On 11/15/2019 7:51 AM, Alexander Grund via Boost wrote:
Private reply intentionally:
Completely understood your intention. Just wanted to give some background on the type of branches in question so decision makers have it easier.
I removed all the stale branches in Boost PP.
Am 15.11.19 um 13:49 schrieb Edward Diener via Boost:
On 11/15/2019 7:32 AM, Alexander Grund via Boost wrote:
Am 15.11.19 um 11:56 schrieb Edward Diener via Boost:
I received an issue about Boost PP having lots of old branches which the issuer would like removed. I notice most other Boost libraries also have lots of old branches. Is there any policy about removing these old branches from a Boost library repository ? Many of these old branches are svn-branches, but most of them do not have any value any more and, of course, do not affect the current 'develop' or 'master' branch.
It was me requesting this. See e.g. https://github.com/boostorg/preprocessor/branches/stale for about 70 stale branches. According to GitHub all(or at least most) of them are merged into master/develop as indicated by e.g. "1 commit ahead, 275 commits behind develop" where the "1 commit" is "This commit was manufactured by cvs2svn to create branch 'SPIRIT_1_6'."
I don't see any value in those branches, as they look like feature branches from SVN times that are already merged and hence obsolete. Every Fork will have them too which makes switching to new feature branches when developing cumbersome.

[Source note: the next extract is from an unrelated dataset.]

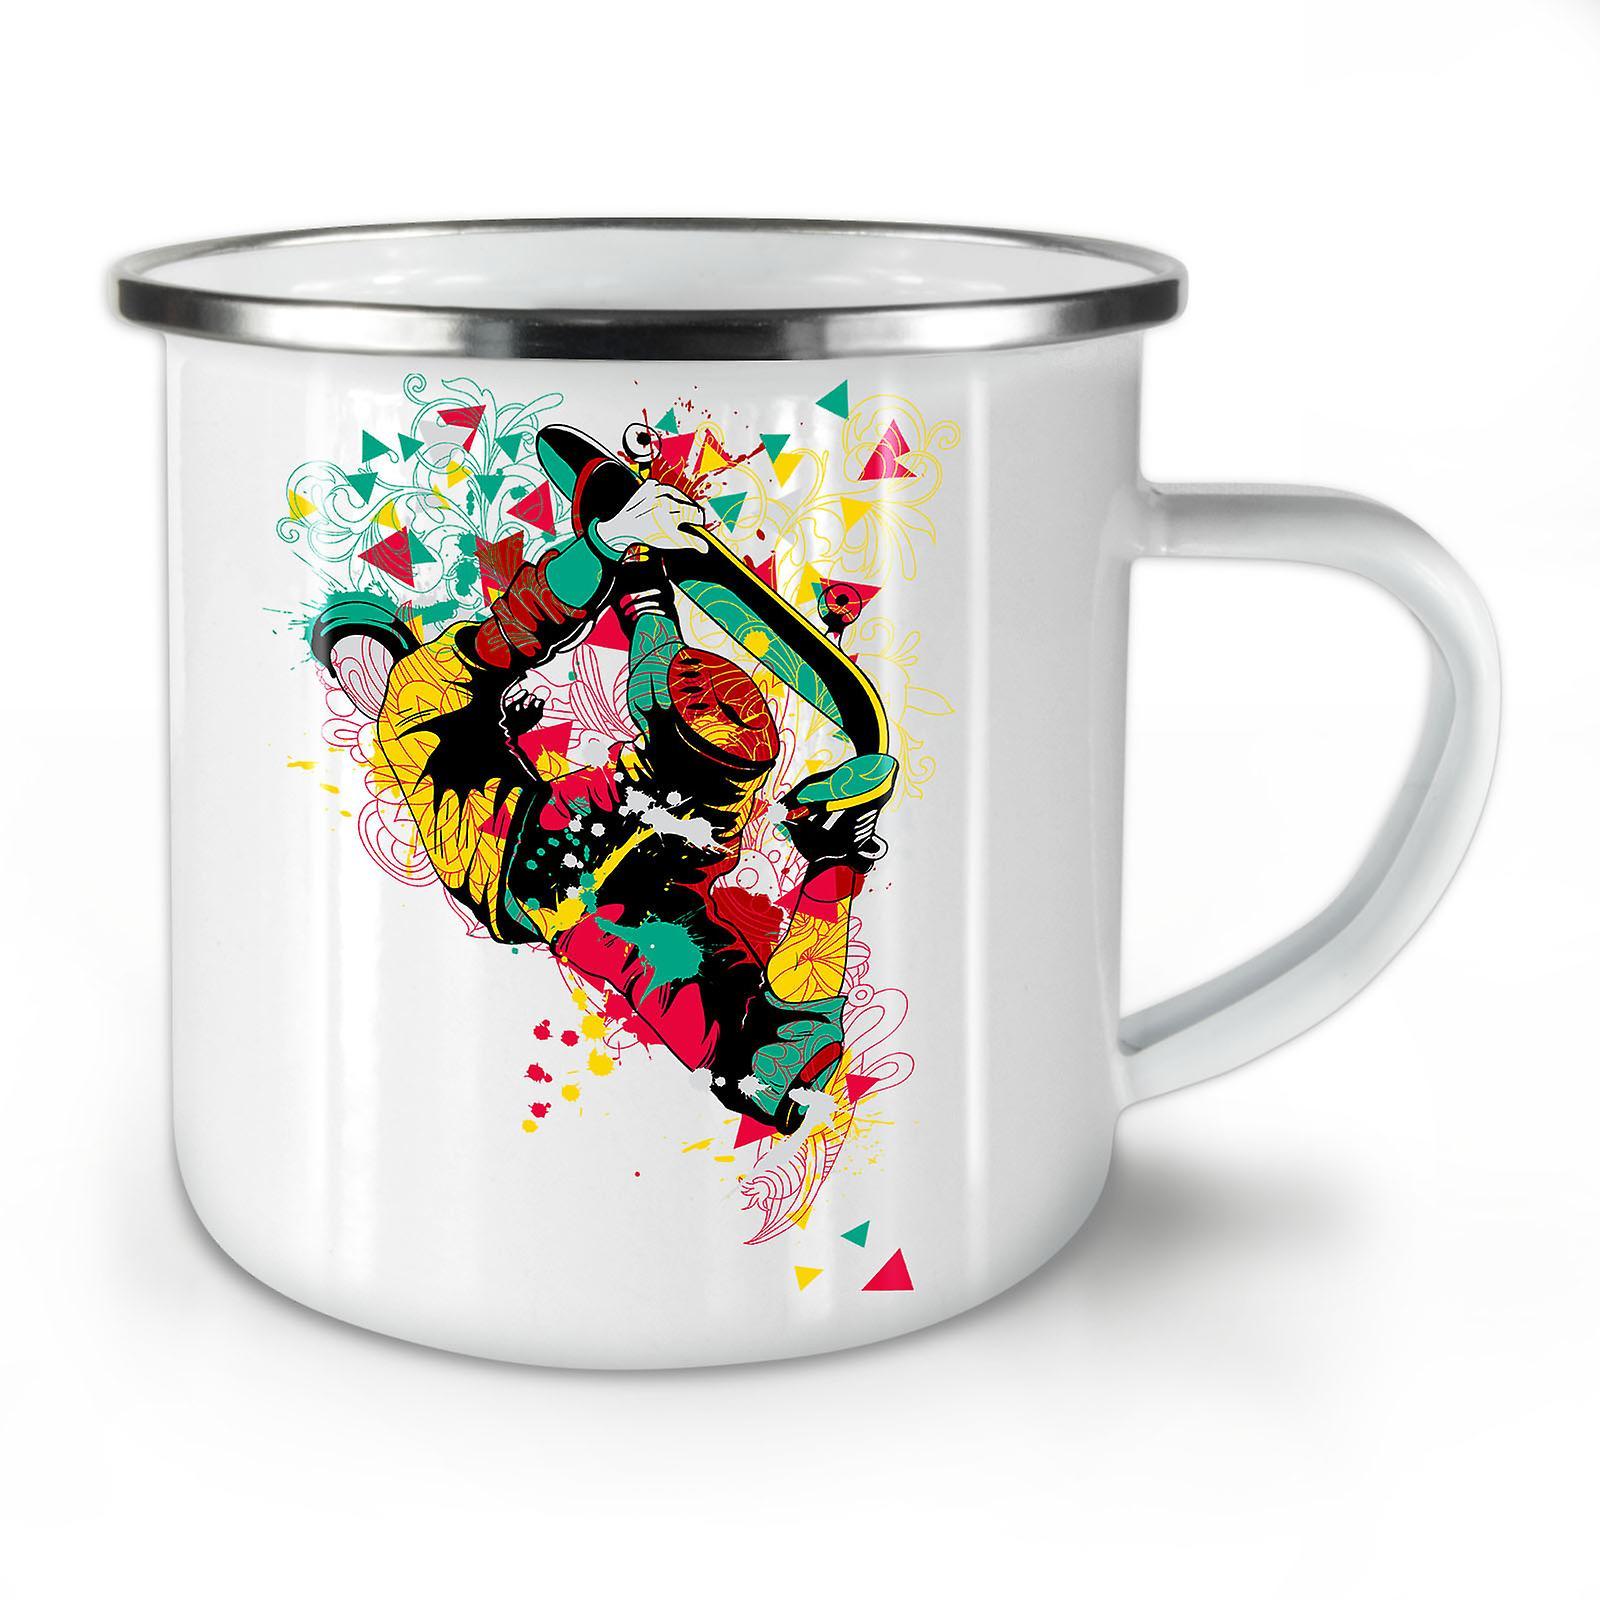 Café Musique Nouvelle Whitetea Géométrie Mug10 Colorée Émail OzWellcoda D9H2IWE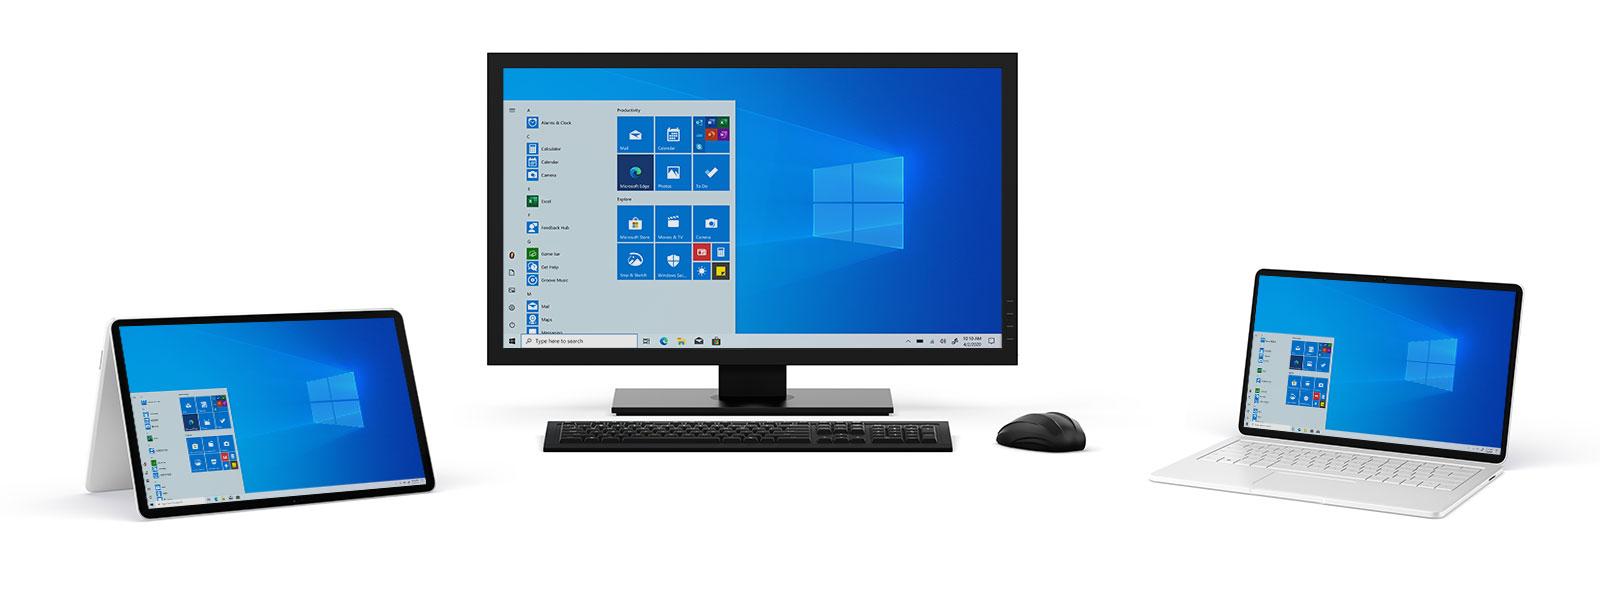 Windows 10 デバイスのコレクション

IMO one can delete all branches saying "1 commit ahead, *" where the latest commit is from "nobody" without further checking. The remaining ones might need a check if they actually contain new stuff.
I was just pointing out that Boost PP is hardly the only Boost library which has lots of stale branches. If it is not against Boost policy to delete old, stale branches I will be glad to do so, but I was just looking for some clarification from other Boost developers first.